Consulting for SCM is a long series of constant reminders to think in terms of end states and to look to operationalize and culturize big change.
Has a flexible and adaptable approach
This is not a turn key approach.
While the actual roll out into Tactical Change Management and the change timeline(s) may have many templates it is not templated. One strategic change management entity will not look like the next. One strategic change engagement will not look like the next. There are far too many variables (and people) involved with big change to force any kind of method or model.
Strategic Change Management is is a flexible adaptive approach that looks to connect one change to the next through senior ownership, change understanding, trusted external influence and a positive end state focus.
You can get quick wins for Change Management by starting correctly- before you address your first task.
Without starting correctly you may need some wins just to get back to even again.
- Have some kind of external influence
- Place change leads as high as they need to be
- Start “change management” well before you think you need to
- Be careful of tactical approaches to strategic change
- Think horizontal
- Understand end state descriptions are crucial
Have some kind of external influence
You will be changing what you are used to and what you and others “own”. To expect every stakeholder (especially those higher up with lots to lose) to embrace both an understanding of change and an awareness of their connection to the end state and the present is, well, a little crazy. Insert some kind of external influence to moderate that thought process and to help draw the picture of what things look like later. That dialogue will lay out a path of both quick wins and long term changes.
More and more I am convinced that organizations transforming need a single high level trusted change advisor to both insert that external influence and tie things together as the timeline rolls out. You could potentially get the right kind of influence with a big or small firm but, I think, you will need to rely on single individuals within those companies. Why not just bring in a single individual whose sole purpose is to get to end state solutions?
Place change leads as high as they need to be
There really is little point in having a change practitioner placed too low in the organization (in relation to the change). They will spend most of their time trying to use organic methods to get the ear of executives. The stakeholders will see that and you will have lost leverage. If the owner is a VP make sure that is the person that contracts externally (or that the internal reports to).
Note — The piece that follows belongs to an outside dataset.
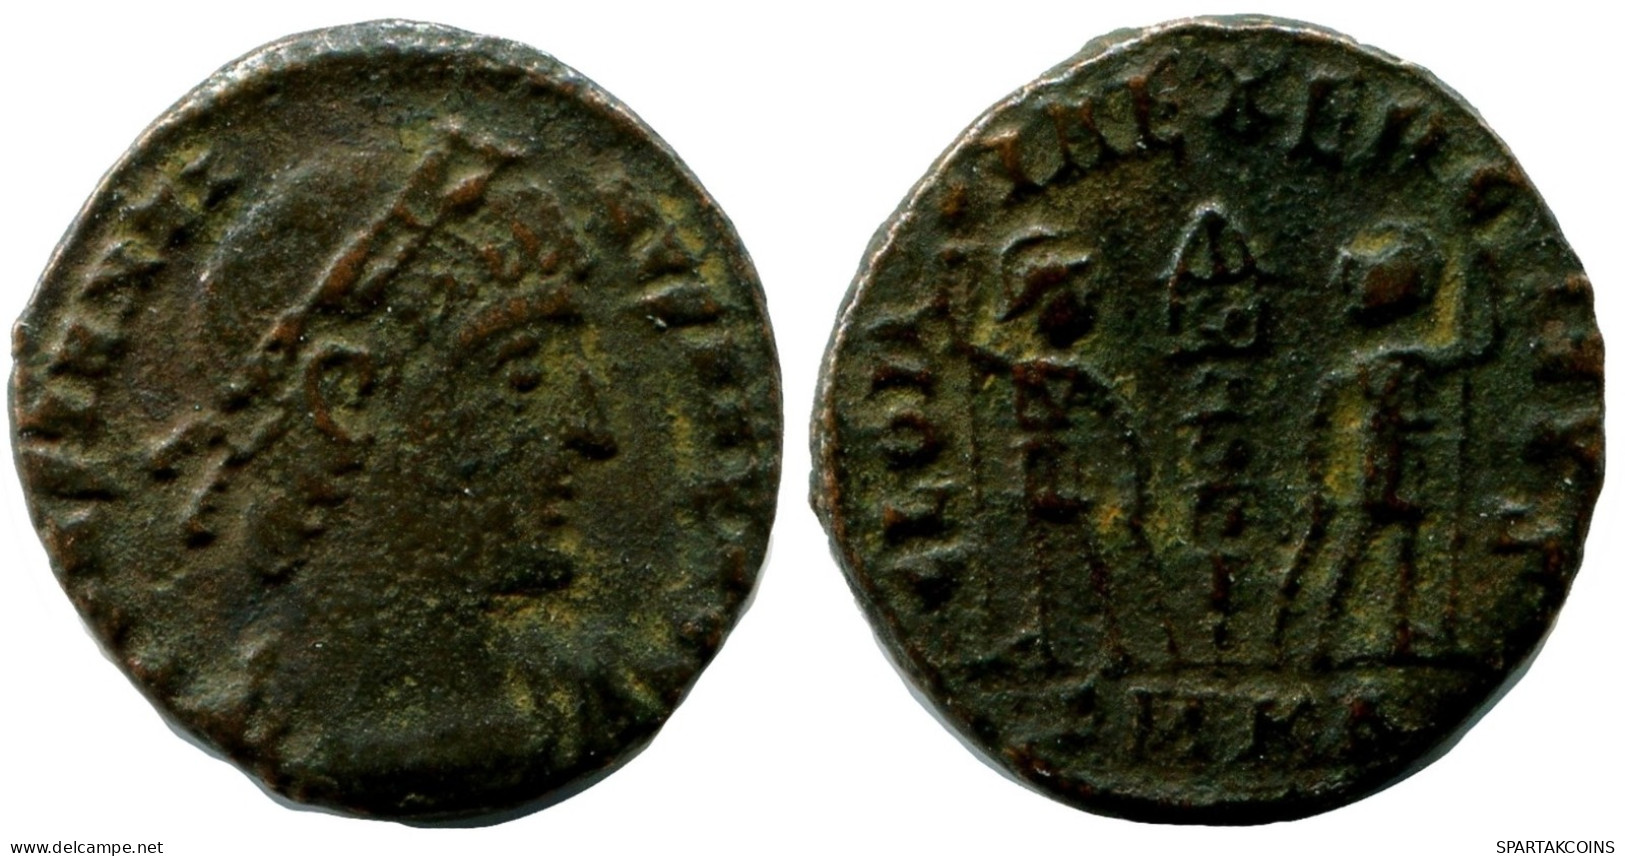 CONSTANTINE I MINTED IN CYZICUS FROM THE ROYAL ONTARIO MUSEUM #ANC11038.14.D.A - The Christian Empire (307 AD To 363 AD)

Passing the responsibility and visibility down the line to a director or below turns change management into a fancy version of project management.
Start “change management” well before you think you need to
I can absolutely guarantee you have started change management late in every single one of your initiatives.
So start earlier the next time around.
Change management should start at the first stages of business modeling and analysis.
Even if you decide against that particular change the seeds for a change process have been planted for the next.
Be careful of tactical approaches to strategic change
There are tactics to use during the change timeline (and especially layered over the project timeline). Don’t confuse those tactics with change management as a whole. Do so and you focus on the minutia to the detriment of end state solutions. The bigger the change, the closer to a transformation, the more tactics need to be seen as parts of a whole. So project management’s version of strategy, strategic implementation, falls within the overall change process.
This actually benefits those responsible for tactics. It is important to have someone see the whole and it is equally important to have lots of people focus on the pieces.
Just understanding the difference is in an of itself a quick win.
Think horizontal
There are very few changes that line up perfectly vertical.
Everything that happens within siloed functions spills sideways into other areas.
Think horizontal.
Where and when (earlier than you think likely) do cross functional connections and collaboration need to happen?
Assume horizontal will happen and anticipate it. You will reel in the quick wins (and build momentum for the next change) if you do.
Understand end state descriptions are crucial
You can’t just start knocking off tasks, or quick wins if you want to call them that, without some sense of where you are going and why.
Quick-win-with-little-thought at your peril.
Remember stakeholders are aware. They see things you think are hidden. Keeping them busy right away will not change their need for explanations, understanding and reason.
Start change correctly with change practitioners contracted with the owner, earlier than you think, with a horizontal perspective, knowing it is important to have good empathetic end state descriptions. Do so and you will have a long list of quick wins before you ever really get started.
Technorati Tags: Big Picture, business objectives, C level, CCM, CEO, Change, Change Design, change failure, change management consultant, External Consultant, Garrett Gitchell, strategy, vision to work
Two words this time around. Do they mean the same thing?
Here are my external definitions:
Corporate-
Anything that is owned, managed and delivered from the highest levels in the organization. Corporate crosses above functions. And you can have a corporate function itself that works for everyone (like HR).
Centralized-
Pulling resources together as a unit to save cost and overlap. Programs and initiatives that have cultural components are often centralized. Procurement is typically centralized (a big movement in the last couple of years- I wanted to write fad instead of movement…).
But what do these two words mean for employees and stakeholders? This always surprises me- as an external who owns nothing and so looks for the smartest solutions.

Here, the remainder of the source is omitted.